A região também investe da criação de caprinos| Foto: Site Alto do Camaquã
A região também investe da criação de caprinos | Foto: Site Alto do Camaquã

“A gente tem um trabalho de valorização da região. Através da Embrapa, os pesquisadores mostraram um novo olhar para a região, que tinha uma imagem atrasada”, conta o presidente da Associação para o Desenvolvimento Sustentável do Alto Camaquã (ADAC), Matheus Garcia, sobre o resultado do trabalho dos técnicos com a comunidade. “Na região, temos um modo de vida e de produção extremamente sustentável, um potencial diferenciado”, completa Borba.

Marca coletiva

Hoje, a Serra do Sudeste abriga o primeiro Arranjo Produtivo Local de Ovinos e Turismo (APL) do Estado e um dos mais importantes do país. O APL é, inclusive, reconhecido pelo governo do Estado, que já destinou recursos, por meio da Agência Gaúcha de Desenvolvimento e Produção do Investimento (AGDI), no valor de R$ 150 mil. O arranjo local, que é o primeiro de Ovinos do país, também recebeu apoio financeiro da Companhia de Geração Térmica de Energia Elétrica (CGTEE), e a ADAC trabalha para captar mais verbas, via edital da AGDI, que podem chegar até R$ 900 mil. Além disso, a Embrapa, calcula Borba, já teria investido na região cerca de R$ 10 milhões, entre verbas e recursos humanos.

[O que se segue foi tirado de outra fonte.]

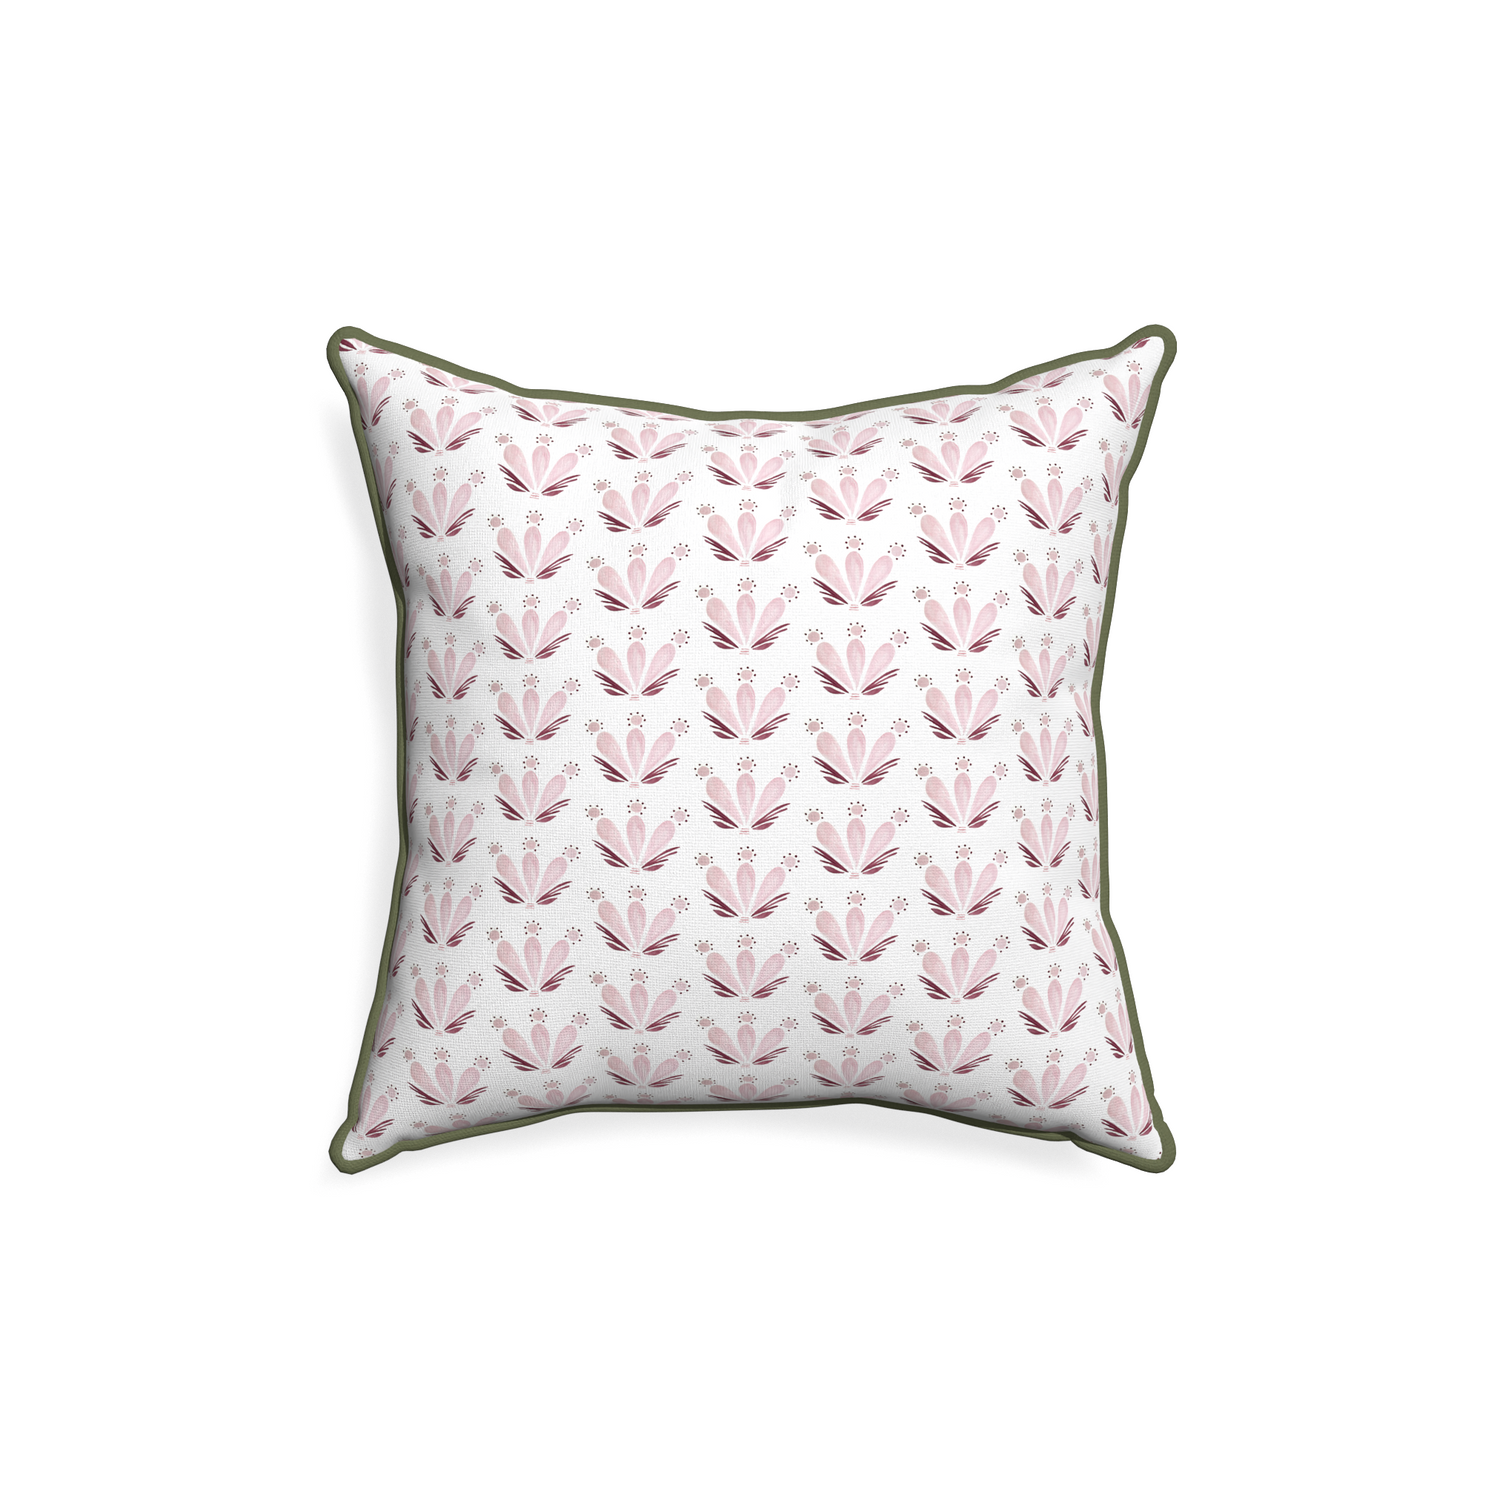 18-square serena pink custom pillow with f piping on white background

A ADAC é responsável pela organização social das famílias e comercialização dos produtos. Constituída por 25 associações comunitárias de oito municípios – Bagé, Caçapava do Sul, Lavras do Sul, Santana da Boa Vista, Encruzilhada do Sul, Pinheiro Machado, Piratini e Canguçu -, a ADAC criou a Rede de Produtores e Empreendedores do Alto Camaquã e administra a marca coletiva Alto Camaquã. São cerca de 30 produtos comercializados com o selo de qualidade e sustentabilidade da região. O carro-chefe da marca é a carne de cordeiro. Mas a carne de bovinos e caprinos também tem um mercado consolidado.

Os doces produzidos na região também estão associados à marca Alto Camaquã|Foto: Site Alto Camaquã
Os doces produzidos na região também estão associados à marca Alto Camaquã|Foto: Site Alto Camaquã

A ADAC tem parcerias em nível municipal para a comercialização de seus produtos e já trabalha para expandir a venda em frigoríficos, como Alegrete, região oeste do Rio Grande do Sul. “Hoje, a pecuária sustentável é tida como uma verdadeira poupança para as famílias”, destaca o presidente da ADAC, que também é coordenador do Arranjo Local de Ovinos e Turismo. Há 200 anos, conforme Garcia, os moradores trabalham com a pecuária familiar extensiva em harmonia com o meio ambiente.

Além das carnes, a lã, o artesanato, os doces, o mel, o famoso bolinho de amendoim estão associados à marca Alto Camaquã e têm o reconhecimento do mercado pela sua origem. Sem falar no turismo. O território das Guaritas, justamente onde a mineradora pretende se instalar, foi eleito, pela Secretaria de Turismo do Estado, uma das Sete Maravilhas do RS, e as belas paisagens da região já serviram de cenário para inúmeros filmes e minisséries.

Frente e abaixo-assinado

Preocupados com a ameaça à preservação e à produção sustentável da região, moradores, produtores, ambientalistas e lideranças sociais e políticas se mobilizam. Eles, inclusive, criaram a Frente de Autodefesa do Camaquã e prometem fazer frente à Votorantim nas audiências nos dias 22, 23 e 24 em Santana da Boa Vista, Bagé e Pinheiro Machado, respectivamente, e barrar o empreendimento. Também organizaram um abaixo-assinado virtual, que já conta com a adesão de três mil assinaturas. A mineradora pretende extrair 36 mil toneladas de chumbo, 16 mil toneladas de zinco e cinco mil toneladas de cobre por ano.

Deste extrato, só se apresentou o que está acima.